I just filed a PR with the failing test right now: <https://github.com/druid-io/druid/pull/4744>.
I used the sample data set from <https://metamarkets.com/2013/histograms/> as it demonstrated the problem of quantiles returning max. I’ve been comparing the implementation of getQuantiles() with the BH/TT paper as well as looking into the histogram construction itself. Using the data set above:
Original dataset: 1, 2, 3, 4, 5, 6, 7, 8, 9, 10, 12, 12, 12, 15, 20, 25, 25, 25
ApproximateHistogram{size=20, lowerLimit=-Infinity, upperLimit=Infinity, positions=[1.0, 2.0, 3.0, 4.0, 5.0, 6.0, 7.0, 8.0, 9.0, 10.0, 12.0, 15.0, 20.0, 25.0], bins=[1, 1, 1, 1, 1, 1, 1, 1, 1, 1, 3, 1, 1, 3], binCount=14, min=1.0, max=25.0, count=18}
Histogram{breaks=[-0.26315784454345703, 1.0, 2.263157844543457, 3.526315689086914, 4.789473533630371, 6.052631378173828, 7.315789222717285, 8.578947067260742, 9.8421049118042, 11.105262756347656, 12.368420600891113, 13.63157844543457, 14.894736289978027, 16.157894134521484, 17.421051025390625, 18.684207916259766, 19.947364807128906, 21.210521697998047, 22.473678588867188, 23.736835479736328, 25.0], counts=[1.0, 1.0, 1.0, 1.0, 2.0, 1.0, 1.0, 1.0, 1.0, 3.0, 0.0, 0.0, 1.0, 0.0, 0.0, 0.0, 1.0, 0.0, 0.0, 3.0]}
And walking through the quantiles (q=0.1 through 0.95):
0.1 1.8
0.2 3.6
0.3 5.3999999999999995
0.4 7.2
0.5 9.0
0.6 11.049390153191919
0.7 12.376388603226825
0.8 17.0
0.9 23.520797289396146
0.95 25.164854858377943
I’ve been trying to figure out if this is a case where the algorithm for dealing with the trapezoid falls under the special case as outlined in the paper (section 2.1, paragraph 4):
The
case where b < p1 or b > pB requires special treatment. One possibility is to add two dummy bins
(p0,0) and (pB+1,0), where p0 and pB+1 are chosen using prior knowledge, according to which all or almost all the points in S are in the interval [p0, pB+1] (p0 and pB+1 can be determined on the fly
during the histogram’s construction).
Though I’m not sure how adding the dummy bins might help since their count is 0, and that wouldn’t do much in the summation.
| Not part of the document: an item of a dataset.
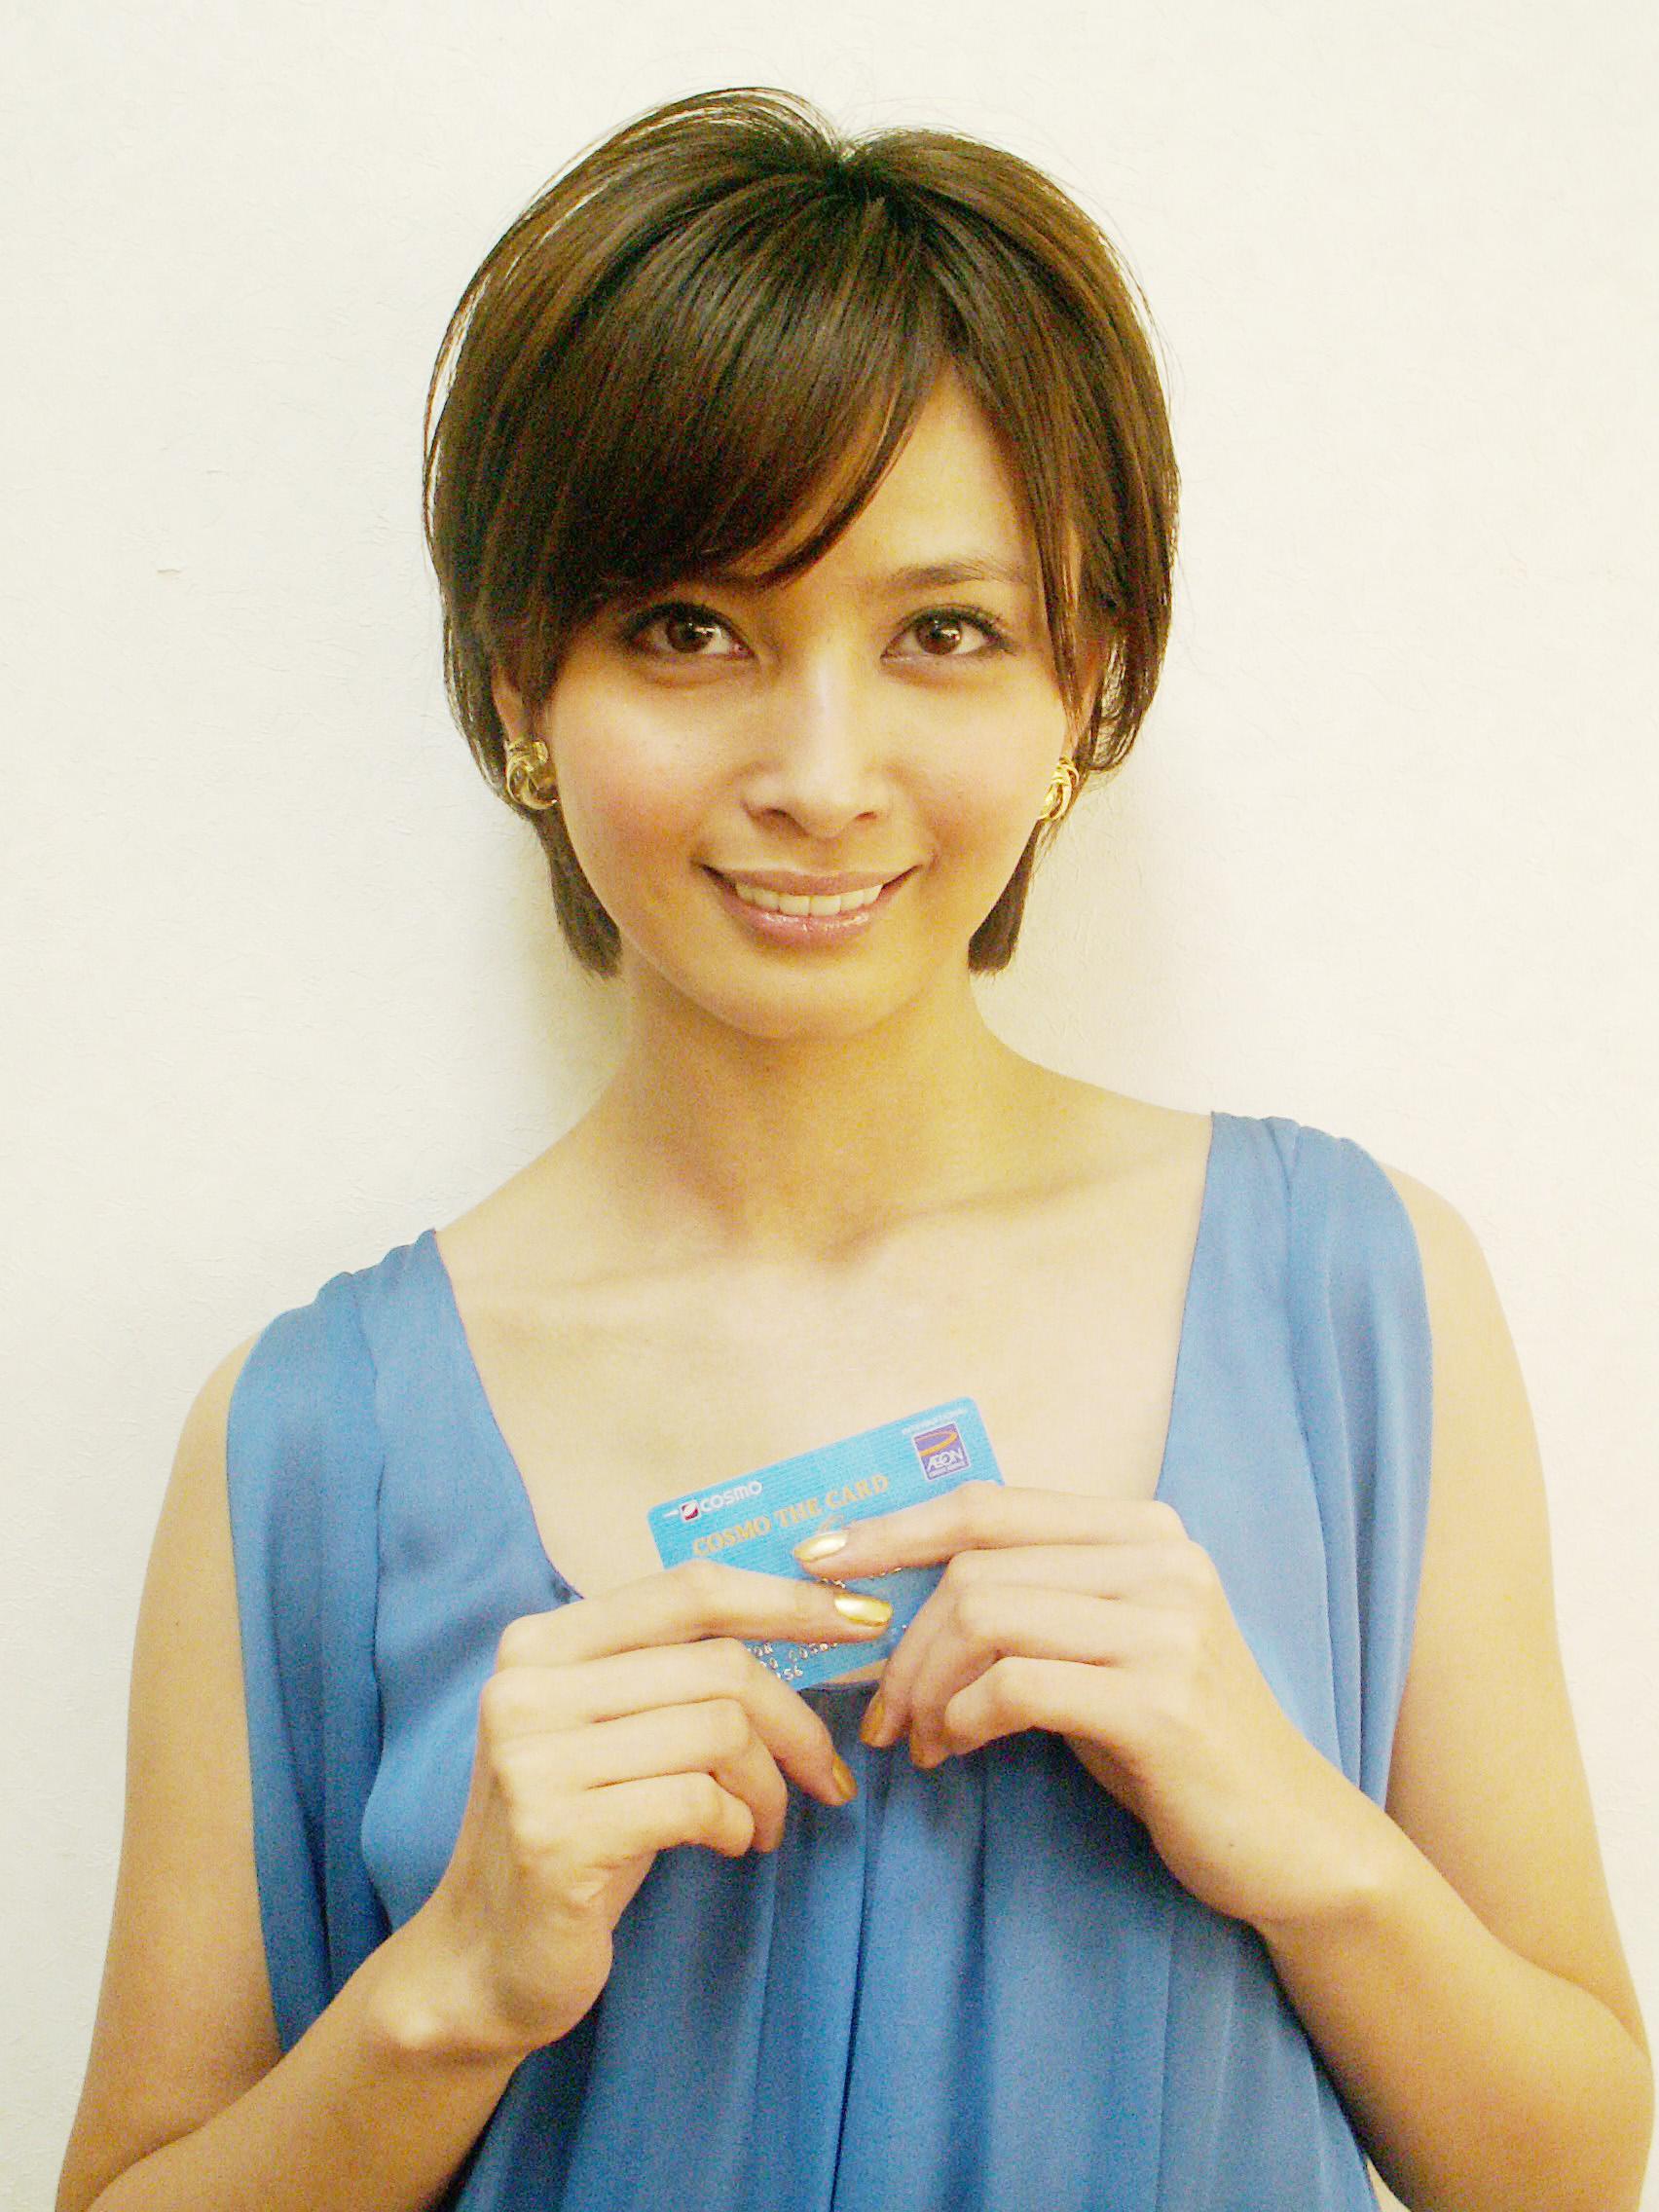 Natsuki Kato Photo Gallery

I’ve got a different test case where the numbers are worse even with q=0.25 and 0.50, but I’ve yet to determine whether the histogram breaks is at fault there. The dataset above in the first example is small enough to deal in exposing this edge case.
In cases like this, I’m not sure if bins[i-1] becomes the min (floor) and bins[i] becomes the max (ceiling), such that the returned value for the quantile becomes the min or max if the calculated value is outside that predicted range.